An entry from Iceland, FÁR (Intrusion). directed by Gunnur Martinsdóttir Schlüter, moves swiftly from a routine business meeting in a typical cafe into the profound territory of a moral dilemma. To the point, the five-minute film asks viewers to recognize the problems of being insensitive and unaware to people and events that surround them, even on ordinary days such as the one portrayed in the film. Early in the film, a seagull flies into the window and collapses on the ground, which sets up the primary tension. “I wanted it to be unexpected and somehow cut into the atmosphere inside the coffee house. I can’t describe the atmosphere in the coffee house, since I think the audience can read out of it what they want,” Schlüter said in an interview with Directors Notes. “The protagonist of the film is observing and we see the coffee house through her eyes and mind, but it’s up to the audience to decide or feel what she is experiencing.”

FÁR (Intrusion). directed by Gunnur Martinsdóttir Schlüter.
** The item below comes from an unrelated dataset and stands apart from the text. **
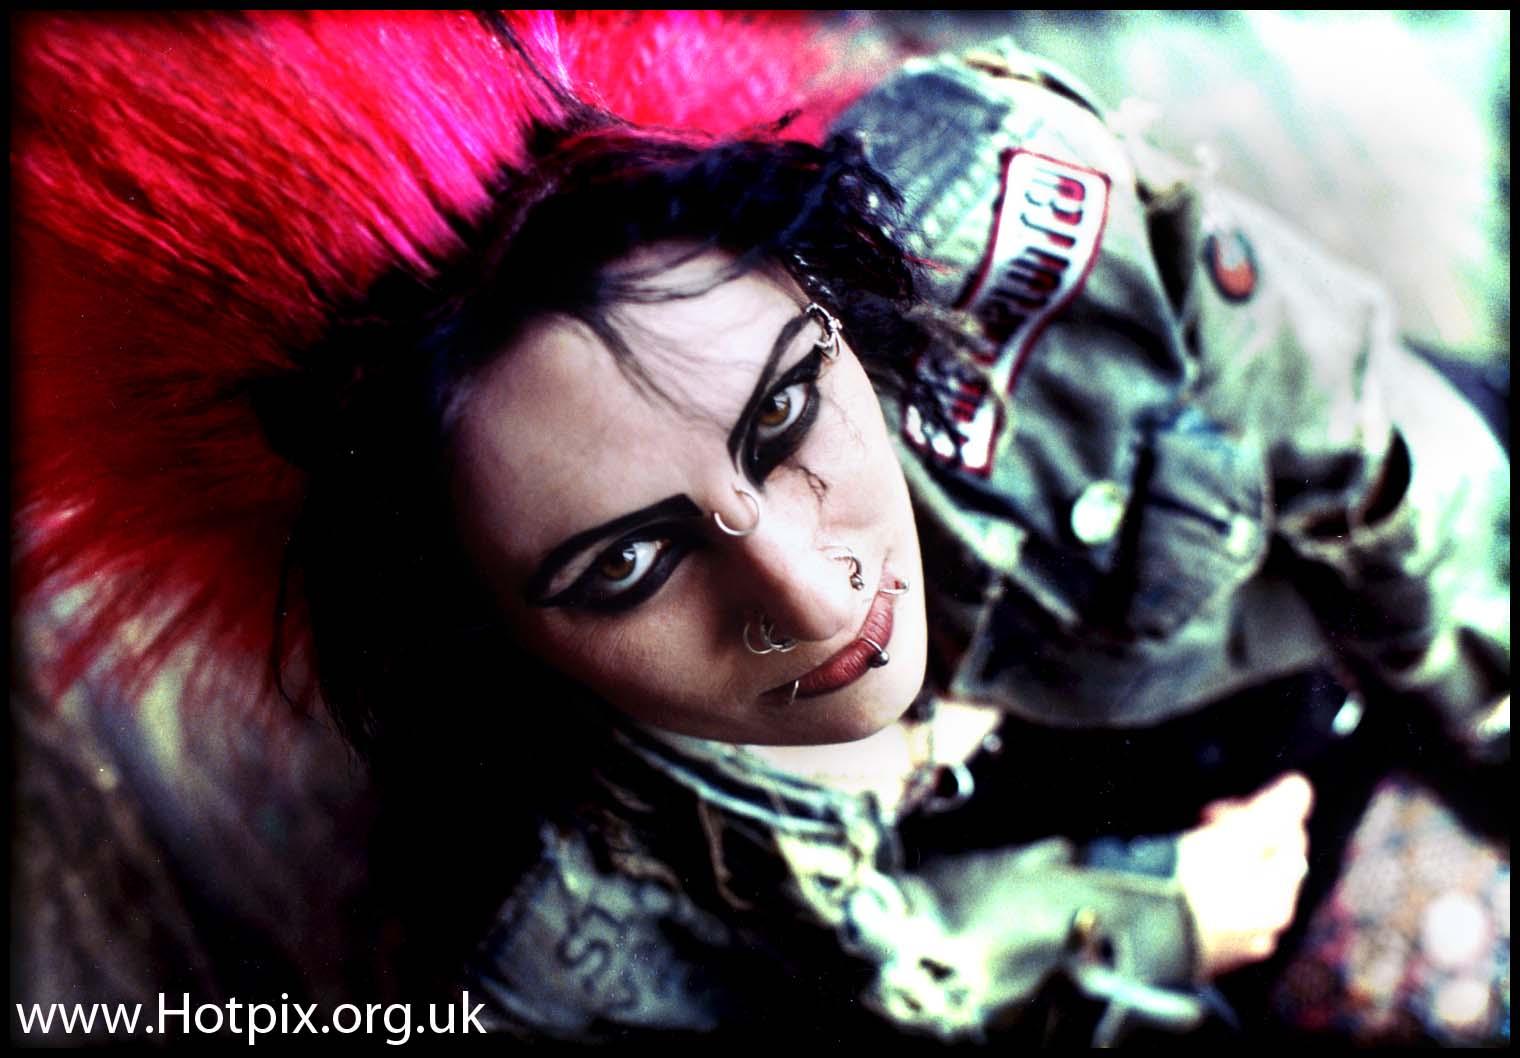 punk,girl,queen,tony,mohawk,hair,smith,spike,tonysmith,spiky,pierced,piercing,lip,stud,studs,hotpix,hotpics,hot,pix,pics,exploited,uk,england,stockport,europe,red,hairstyle,lips,sexy,cute,tights,tight,stocking,hotpix.com,#tonysmithhotpix,#tonysmithotpix,MIS,@hotpixUK,ActiveH,housingtechnology

Gianfranco Fernández-Ruiz’s Saborrrr! is a fine sharp comedy with well-place tinges of horror elements, whicb earned him best director honors at the 2024 Zepstone International Film Festival Awards. The film succeeds as a satire, which Fernández-Ruiz intended. He explained in his director’s statement that “our characters won’t be immune to finding themselves in harrowing, sometimes downright terrifying situations, but a more exploitive lens will be shattered by representation that champions the individual to reclaim their power.”
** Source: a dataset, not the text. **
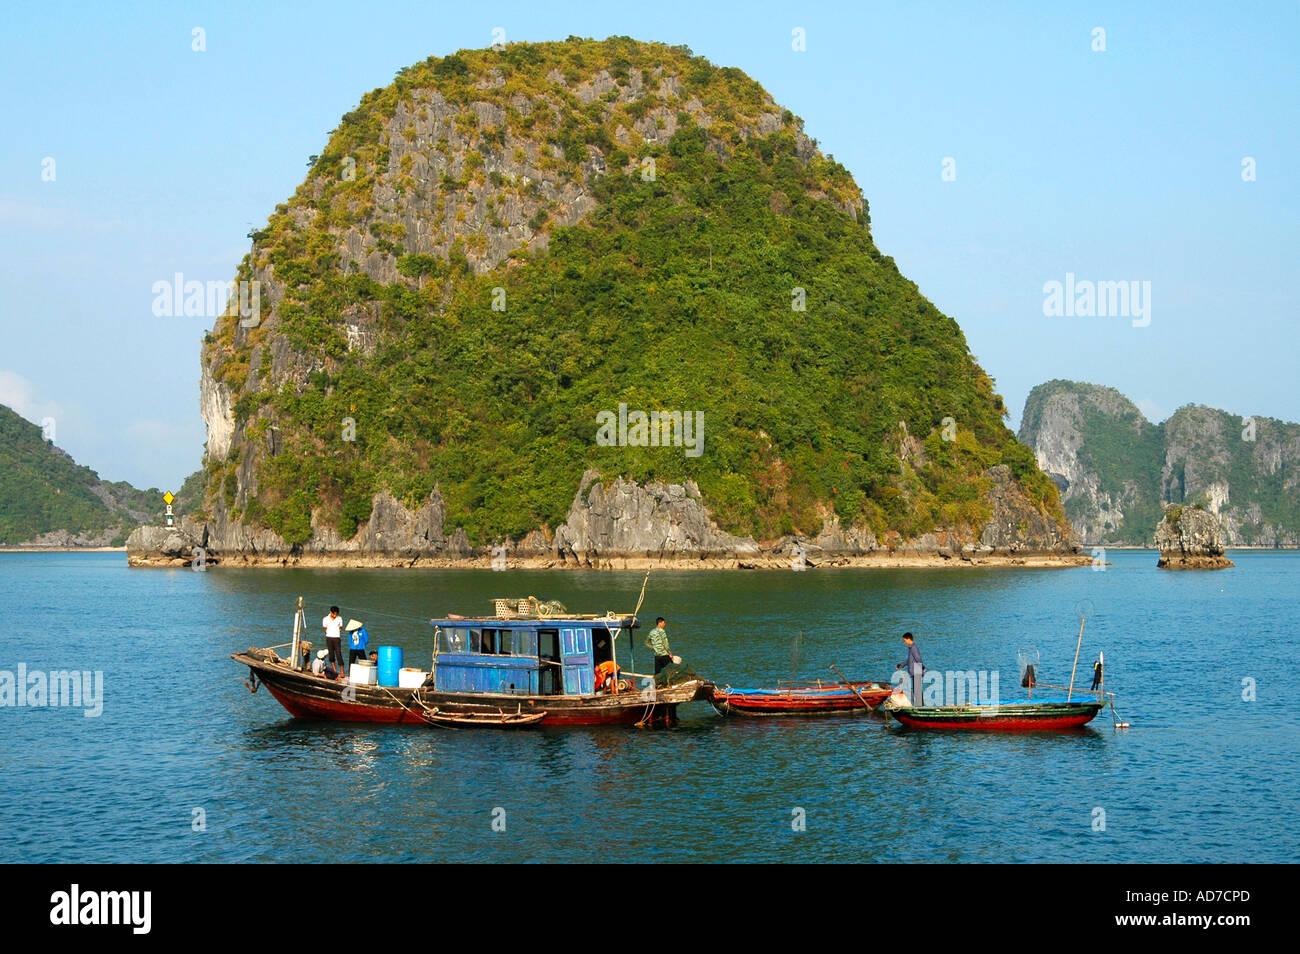 Fisher men fishing in Halong Bay Viet Nam - Stock Image

From Lithuania, Before Pandemic and War, There Were Bed Bugs and Love! is a great little documentary. Nuruzzaman Khan, a native of Bangladesh, directed the film, which reflects on a relationship with a woman that had high expectations of becoming meaningful, as the couple would make films, open their own restaurant and adopt orphans. The title suggests everything that becomes of major importance in their story including those pesky annoying nocturnal parasites. 

5/3/0, by Danilo Stanimirović.

5/3/0, a narrative short from Serbia which is directed by Danilo Stanimirović, is about Saška, a young teen woman pf 14, who hires a taxi to take her to a birthday party. The cab driver asks all sorts of questions and while she tells him that she plans to take a bus home after the party, he insists on giving her a business card to call him if she needs a cab later in the evening. Saška ends up staying at the party longer than anticipated and reluctantly decides to take up the drive4’s offer. When he picks her up, he nags her to join him in the front seat. The closing scenes of the film suggest what happens next. Stanimirović handles this with fine sensitivity. In his director’s statement, he mentioned connecting with a friend from their school days, who told him about a taxi driver who attempted to sexually assault her. “I was horrified when I realized that the taxi driver who tried to rape her is still working in the neighbourhood of our hometown,” he explained. “I could not stop thinking about the details of her story, and the fact that I, as well as none of the other friends in the class, never heard about what happened. That is why I felt the need to tell this story and dedicate it to her, as well as to attempt to deal with the problem of distrust on the part of society towards victims.”